Rabbit System Configuration

The SystemConfiguration Custom Resource Definition (CRD) is a DWS resource that describes the hardware layout of the whole system. It is expected that an administrator creates a single SystemConfiguration resource when the system is being set up. There is no need to update the SystemConfiguration resource unless hardware is added to or removed from the system.

System Configuration Details

Rabbit software looks for a SystemConfiguration named default in the default namespace. This resource contains a list of compute nodes and storage nodes, and it describes the mapping between them. There are two different consumers of the SystemConfiguration resource in the NNF software:

NnfNodeReconciler - The reconciler for the NnfNode resource running on the Rabbit nodes reads the SystemConfiguration resource. It uses the Storage to compute mapping information to fill in the HostName section of the NnfNode resource. This information is then used to populate the DWS Storage resource.

NnfSystemConfigurationReconciler - This reconciler runs in the nnf-controller-manager. It creates a Namespace for each compute node listed in the SystemConfiguration. These namespaces are used by the client mount code.
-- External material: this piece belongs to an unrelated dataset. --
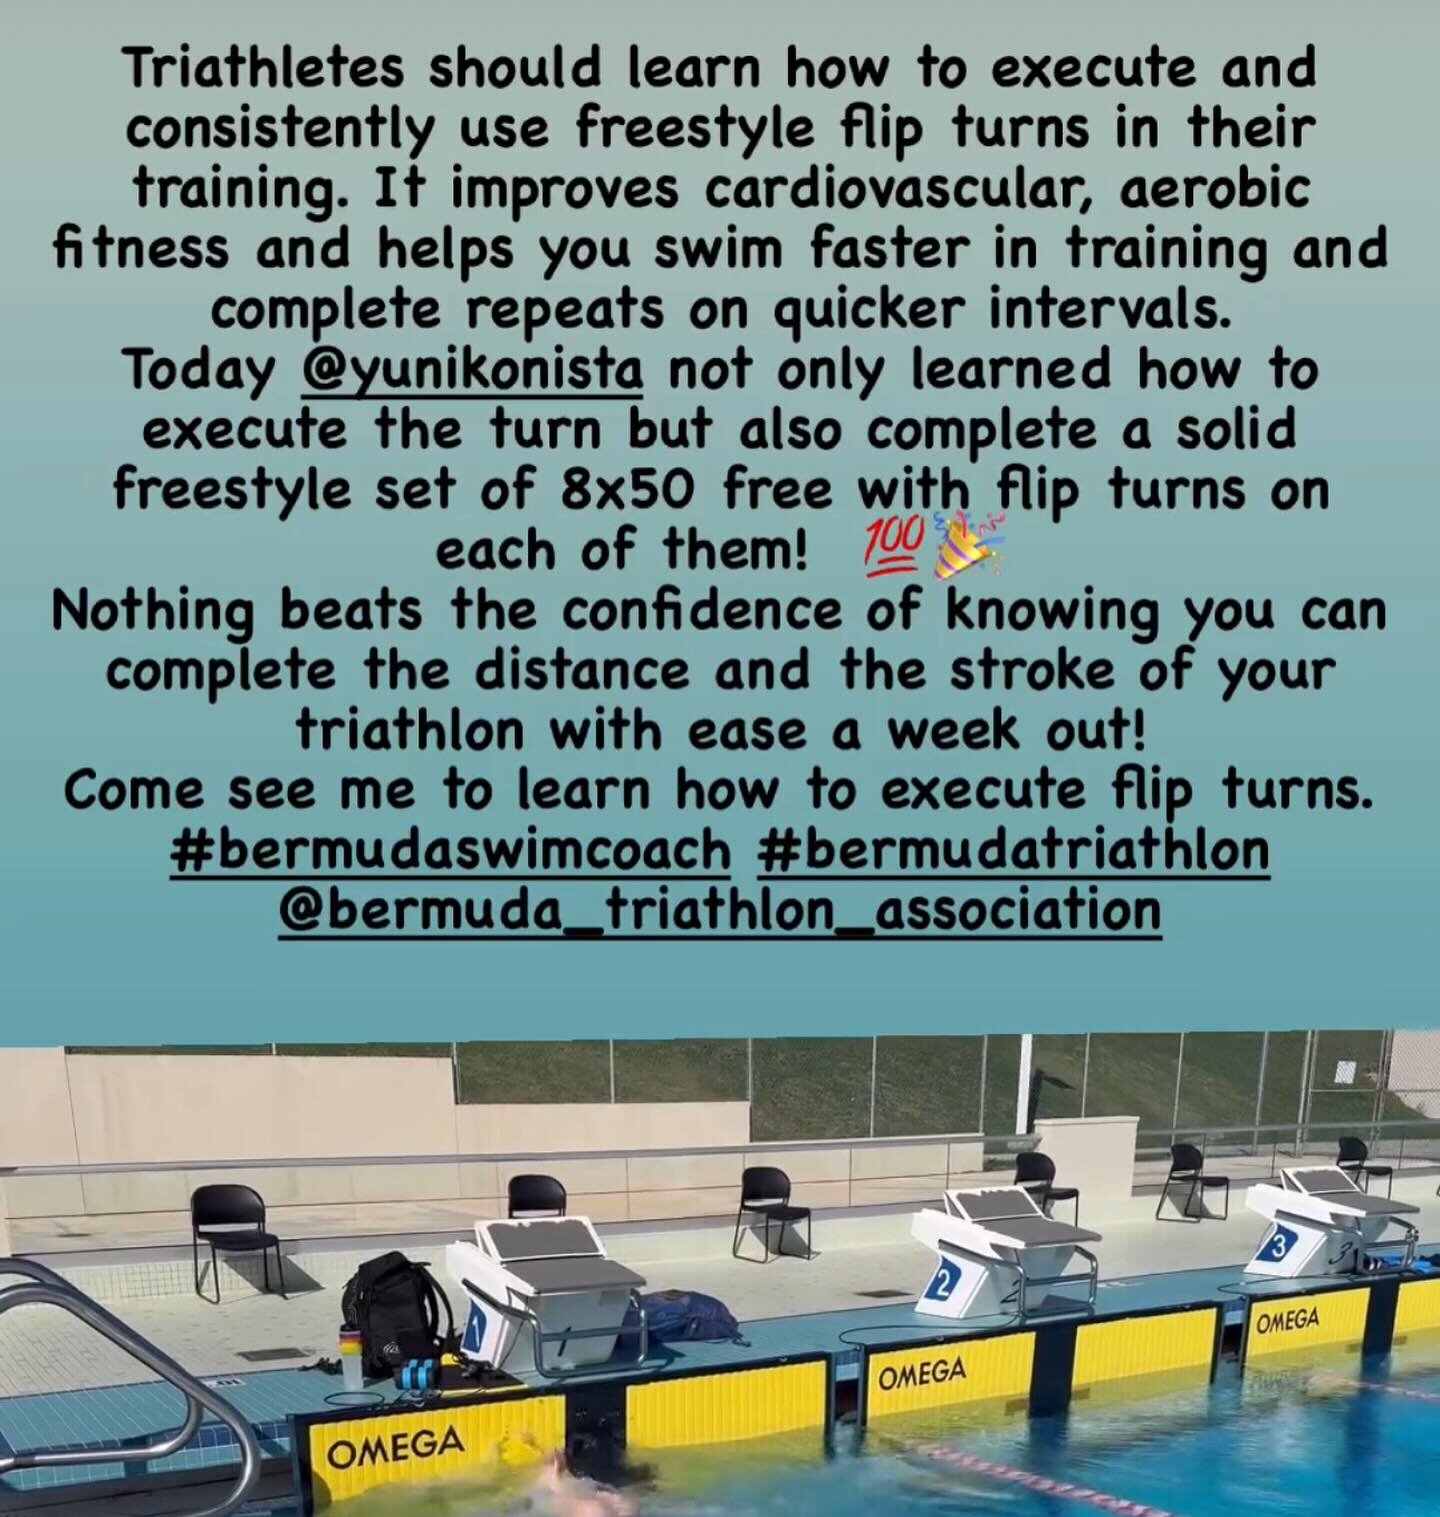 Flip turns for triathletes ⭐️
#bermudaswimcoach #bermudaswimming #bermudatriathlon

Here is an example SystemConfiguration:

Spec Section	Notes
computeNodes	List of names of compute nodes in the system
storageNodes	List of Rabbits and the compute nodes attached
storageNodes[].type	Must be "Rabbit"
storageNodes[].computeAccess	List of {slot, compute name} elements that indicate physical slot index that the named compute node is attached to

apiVersion: dataworkflowservices.github.io/v1alpha2
kind: SystemConfiguration
metadata:
  name: default
  namespace: default
spec:
  computeNodes:
  - name: compute-01
  - name: compute-02
  - name: compute-03
  - name: compute-04
  ports:
  - 5000-5999
  portsCooldownInSeconds: 0
  storageNodes:
  - computesAccess:
    - index: 0
      name: compute-01
    - index: 1
      name: compute-02
    - index: 6
      name: compute-03
    name: rabbit-name-01
    type: Rabbit
  - computesAccess:
    - index: 4
      name: compute-04
    name: rabbit-name-02
    type: Rabbit